Both Pawlik-Zwiebel’s parents are musicians, and he started playing the violin before he turned 6. He regularly performs at recitals with his father, pianist Markus Pawlik, and with a chamber music group, but playing in an orchestra is unique, the violinist says.

“I feel like the biggest thing you get out of it is, like, learning how to play together with a whole group or a whole section,” he says. “In chamber music, it’s you playing together with other instruments, but in orchestra, you have to mesh with 40 of the same instrument, and you have to sound like one cohesive group.”

Omid Zoufonoun
Omid Zoufonoun is music director of the Oakland Symphony Youth Orchestra

Omid Zoufonoun, music director of the Oakland Symphony Youth Orchestra, enjoys showing young people how to do that. He started teaching guitar as a teenager and previously taught at Oakland School for the Arts. Like Pawlik-Zwiebel, he grew up with a musician father, Mahmoud Zoufonoun.

The conductor has selected Ralph Vaughan Williams’s Overture to The Wasps to perform at the festival. Zoufonoun says he tries to do a piece every year by a composer who, while not unknown, isn’t one you would find on many concert programs. “It ends up feeling a little bit like a discovery together, almost like a premiere,” he says. “The kids won’t know it, and I won’t know it. I’m looking for pieces that are a discovery for me as well. And the audience won’t know it, so all of us are discovering the piece together even though it’s been around and it’s been recorded.”

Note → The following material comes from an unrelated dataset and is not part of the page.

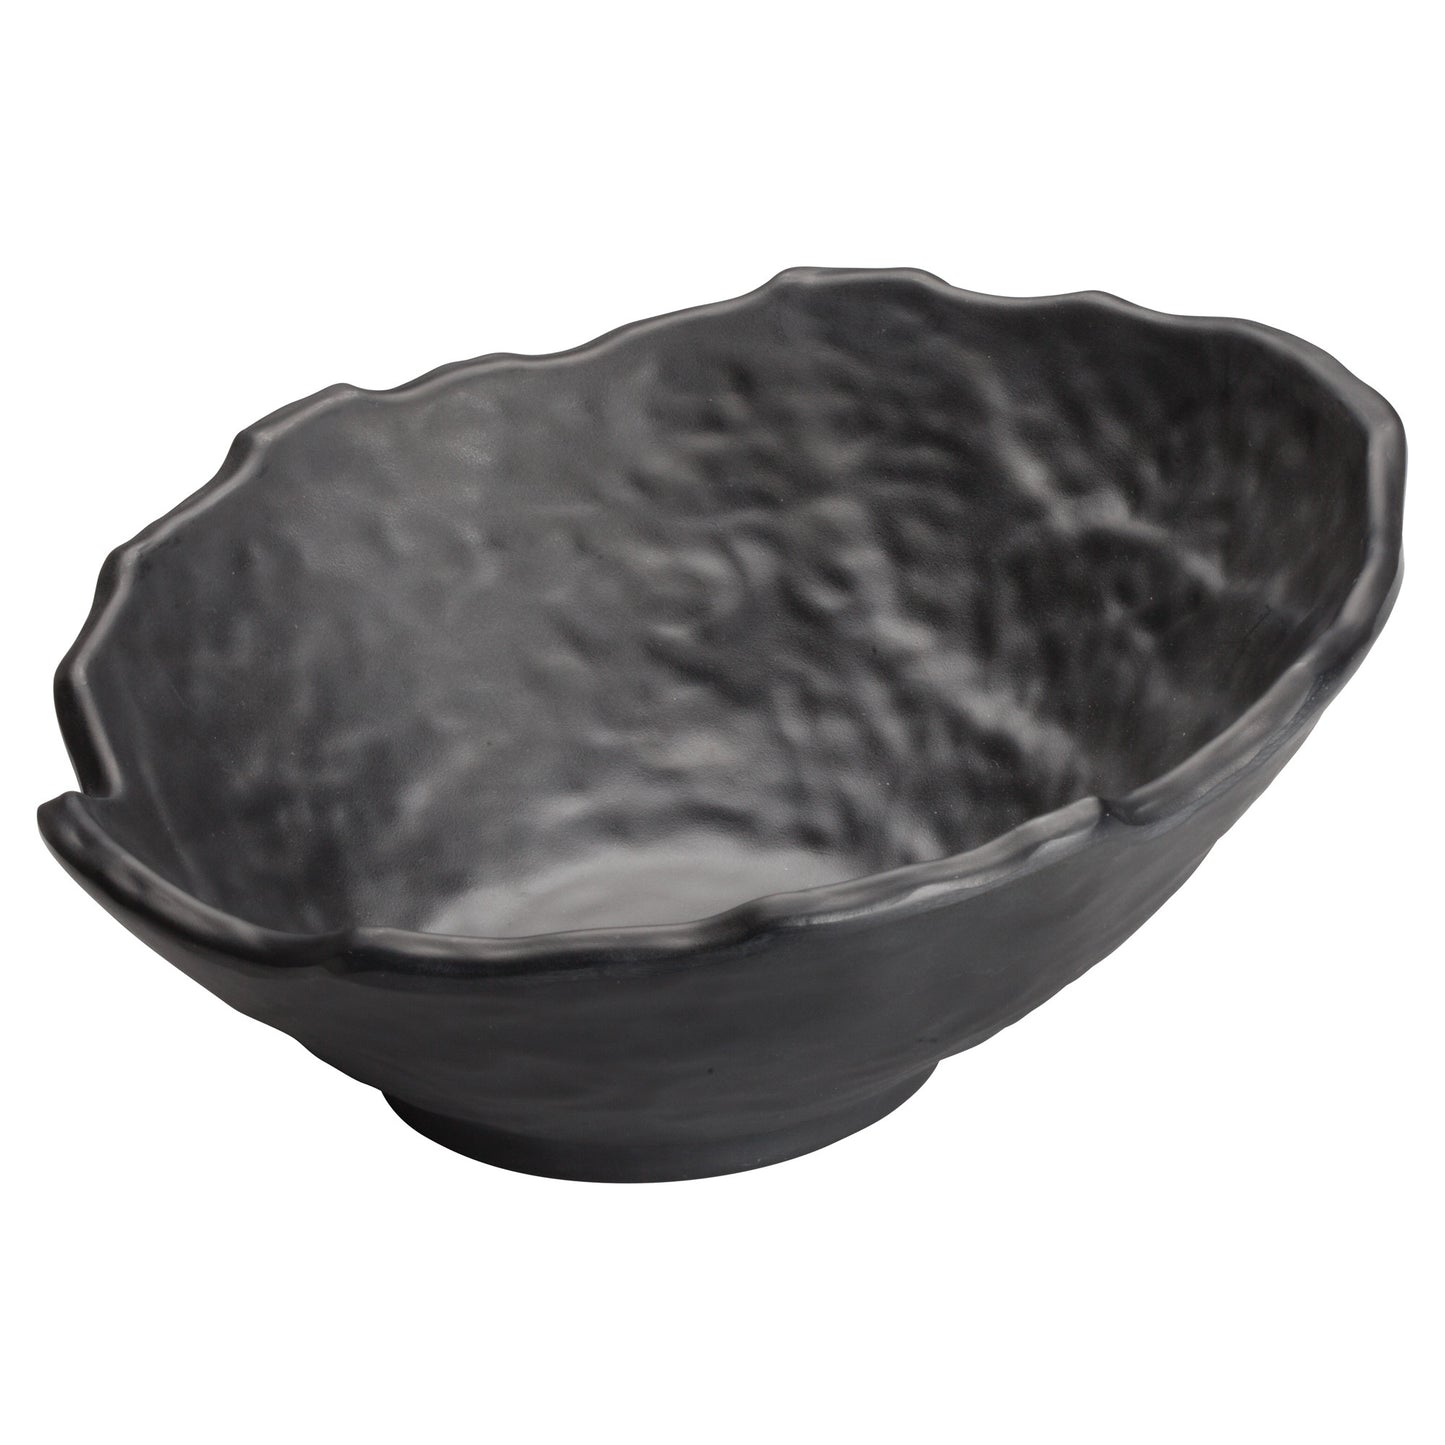 WDM019-308 - 9"Dia Melamine Angled Bowl, Black, 12pcs/case

With a youth orchestra, every piece feels like a premiere, Zoufonoun reiterates. That makes for a sense of excitement and danger, he says. “No matter how good the kids are, with a [youth] symphony you can’t take that much for granted. You still have to build it up from scratch, and it keeps you honest, too. If you screw up as a conductor with a professional orchestra, they’ll rescue you. The kids won’t. They’ll go off the cliff with you if you take them off the cliff.

“It’s a really cool way as a conductor to know whether what you’re doing works or not, both in terms of the technical side of it but also the inspiration side of it. If it’s not coming to life, well, why not? What are you going to do about it? So, it can be incredibly frustrating when it’s not going well, and it’s incredibly rewarding when it is.”